How to complete this task: Find the line containing "Immobilien Ratgeber Verkäufer", then print it and each line after it through the end of the listing exactly, with no pictures.

Information shown Start Marker

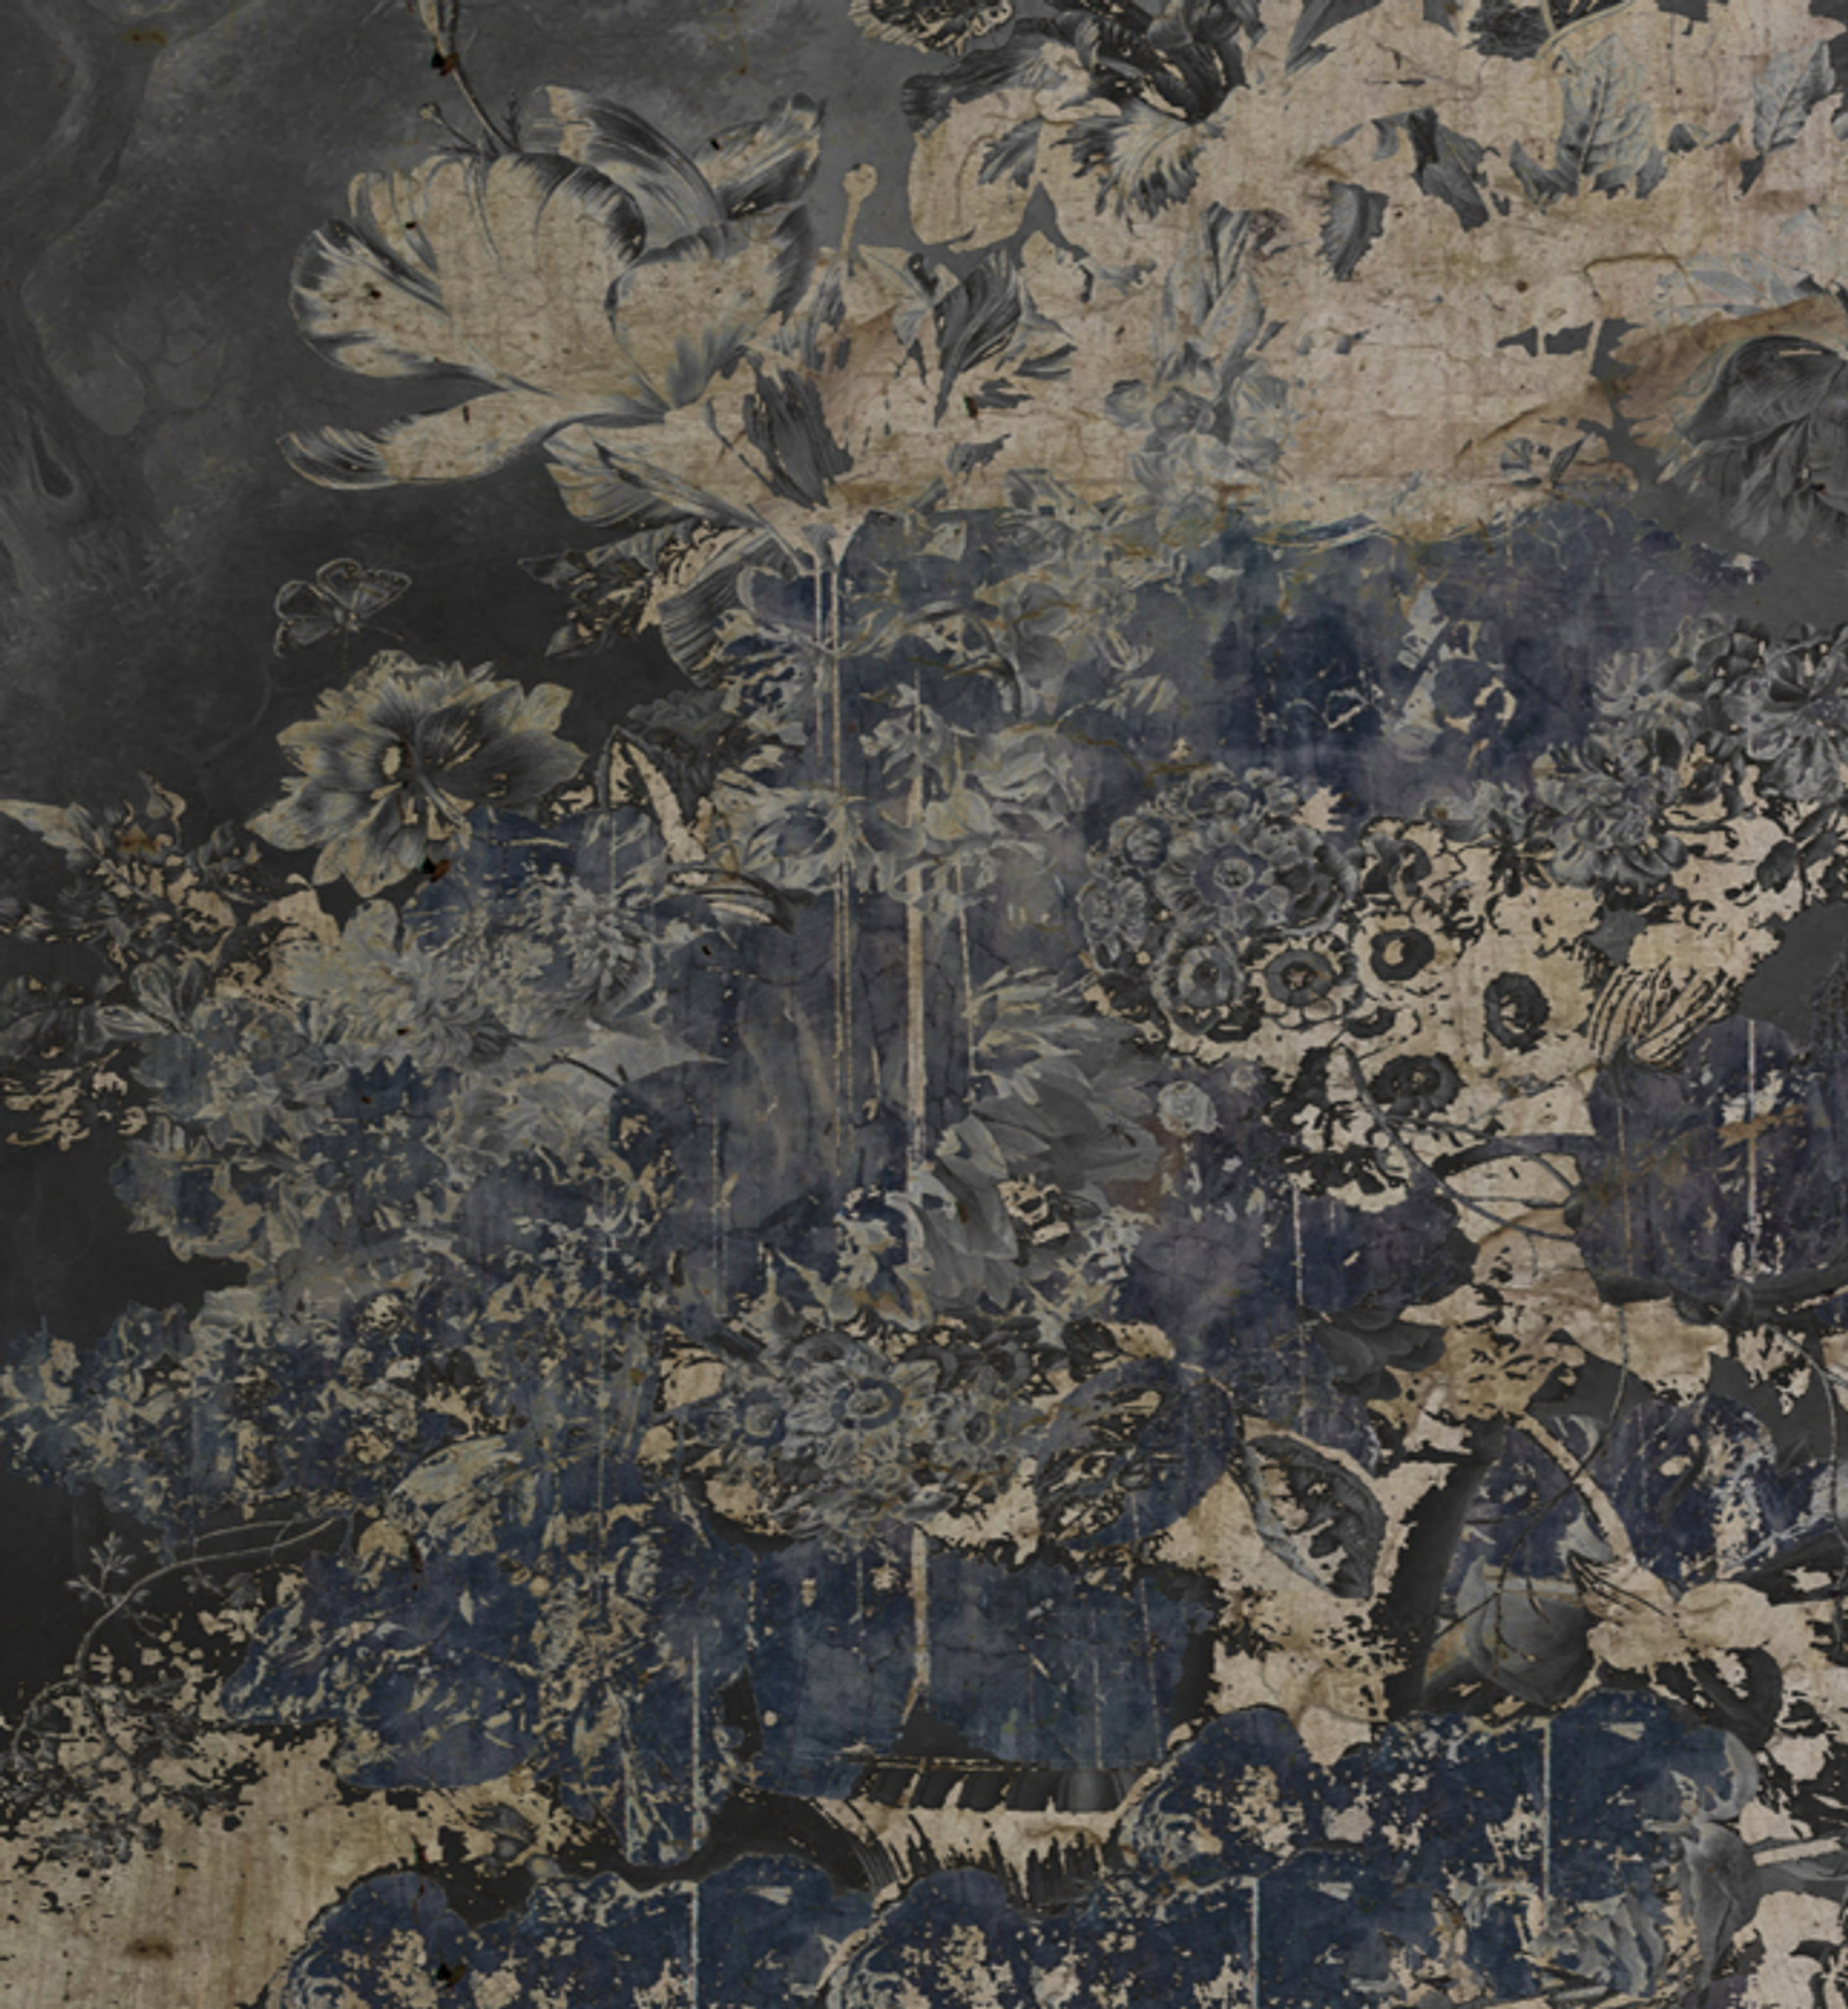 Wallpaper - You Crack Me Up - Beneath a Dark Sky
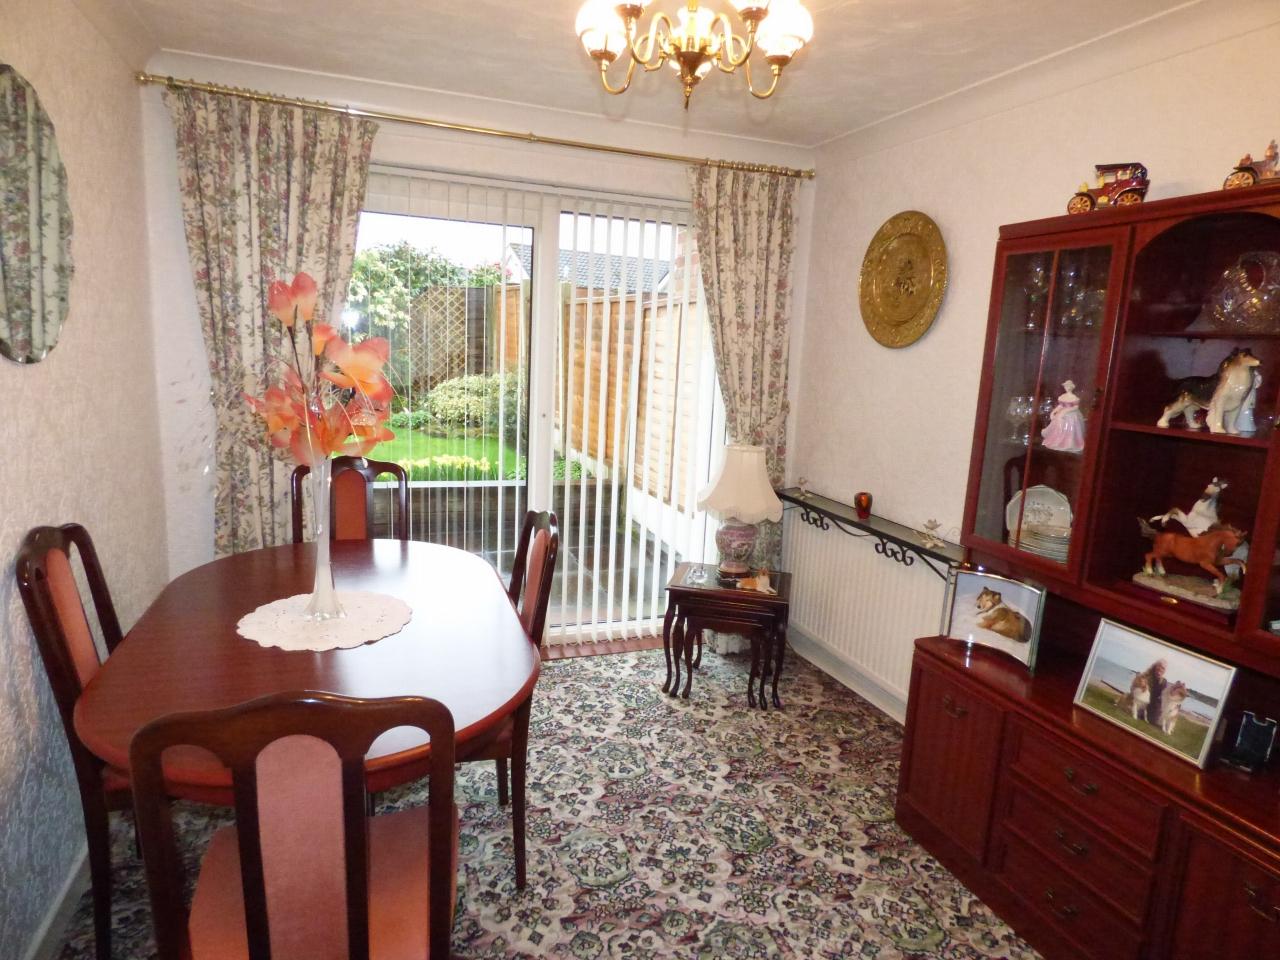 3 Bedroom Semi-detached House For Sale - Image 3
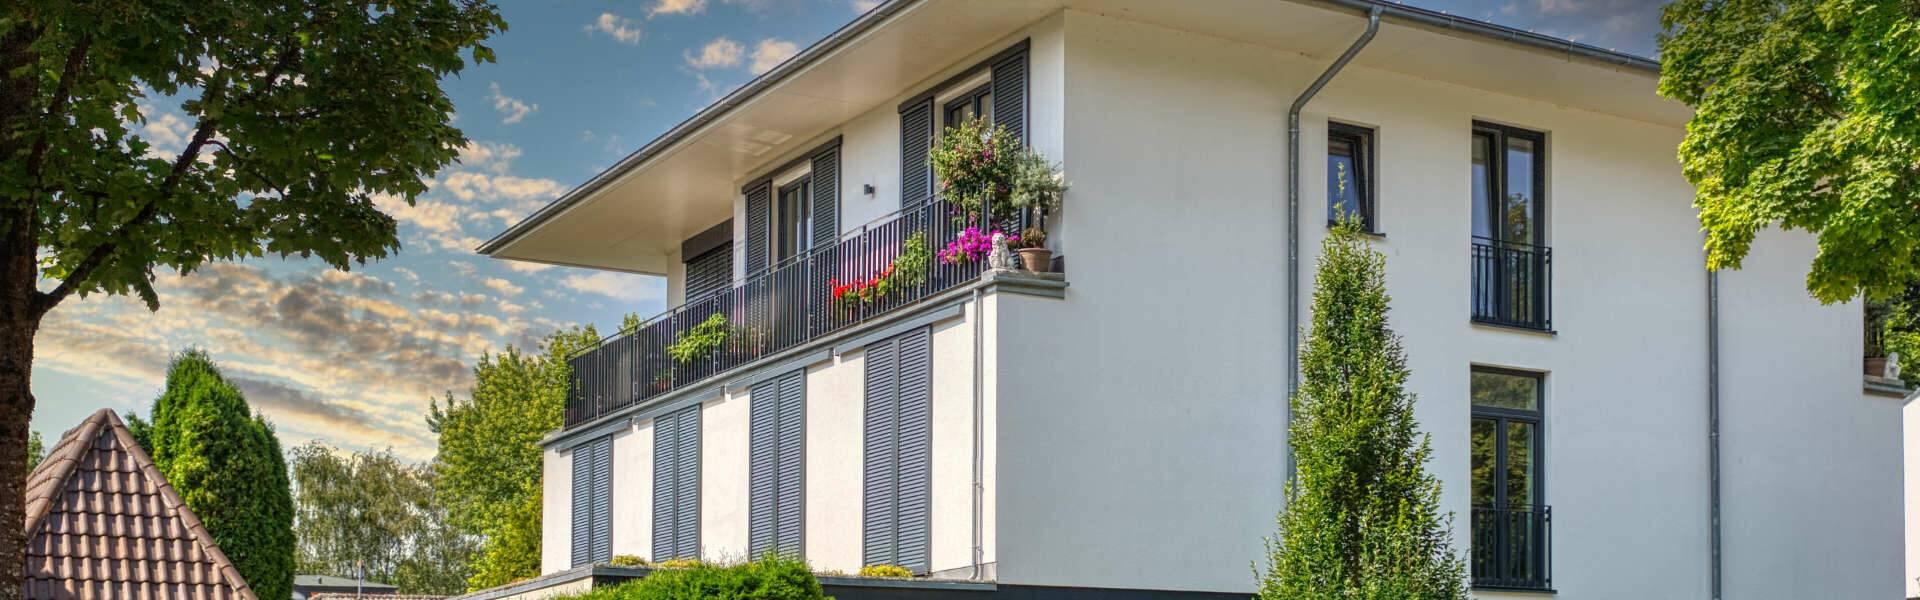 Immobilien Ratgeber Verkäufer Käufer Vermieter
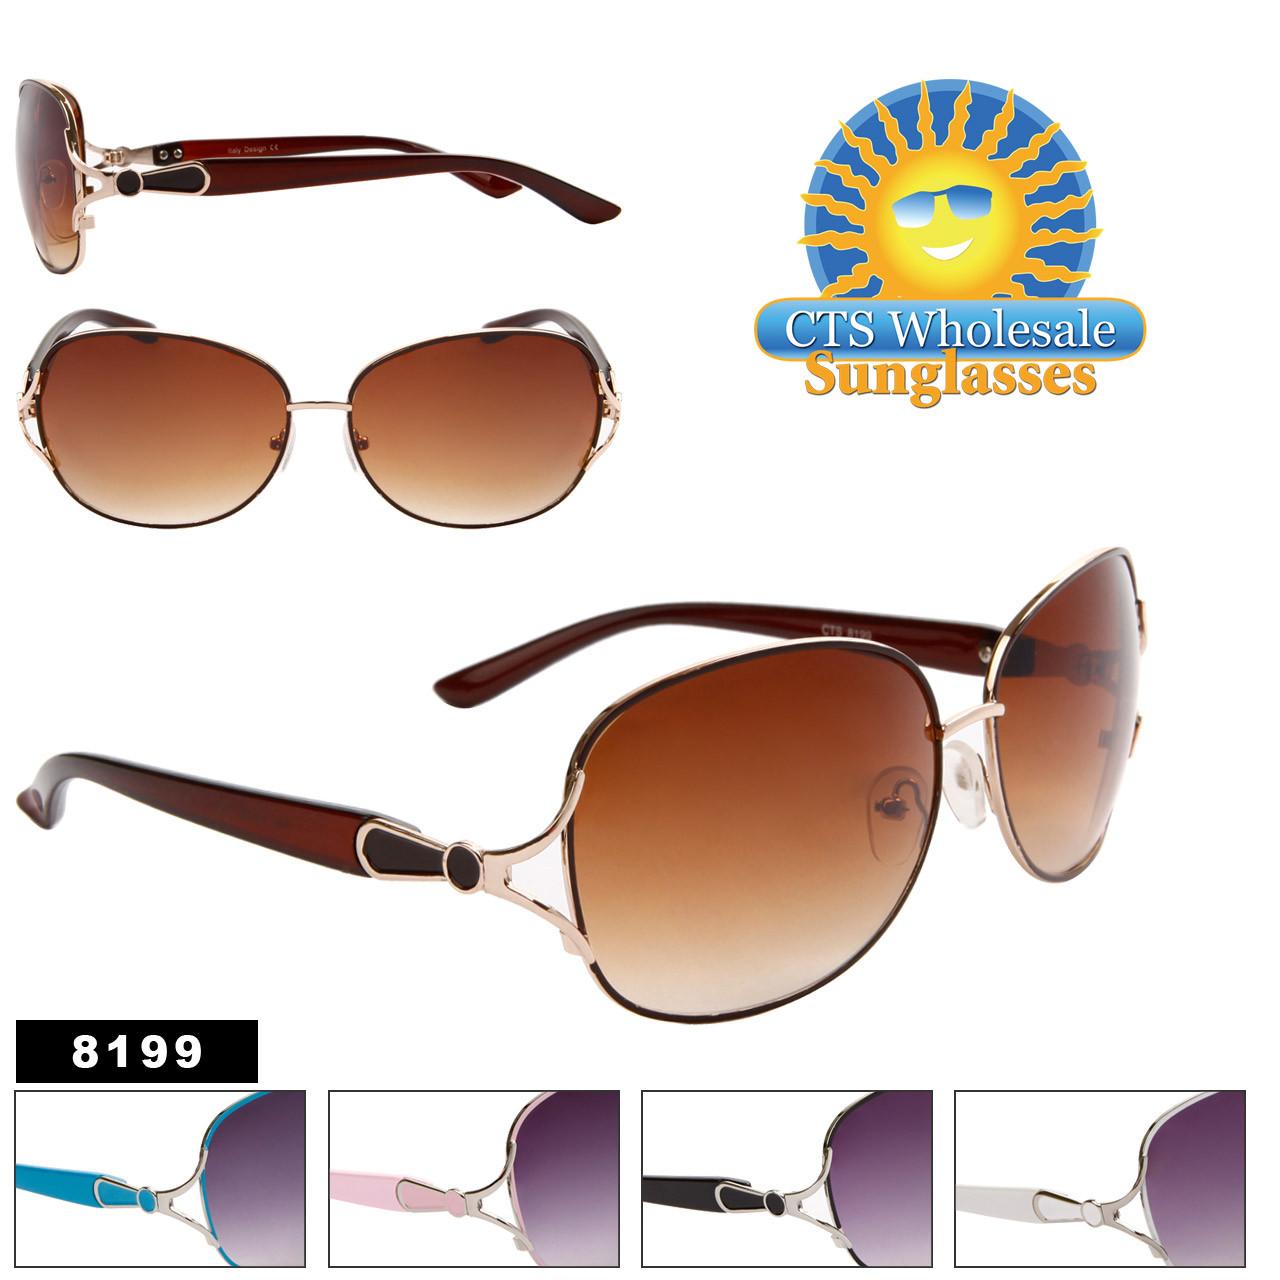 Wholesale Women's Designer Sunglasses - 8199

Information shown End Marker

Exercise answer:
 Immobilien Ratgeber Verkäufer Käufer Vermieter
 Wholesale Women's Designer Sunglasses - 8199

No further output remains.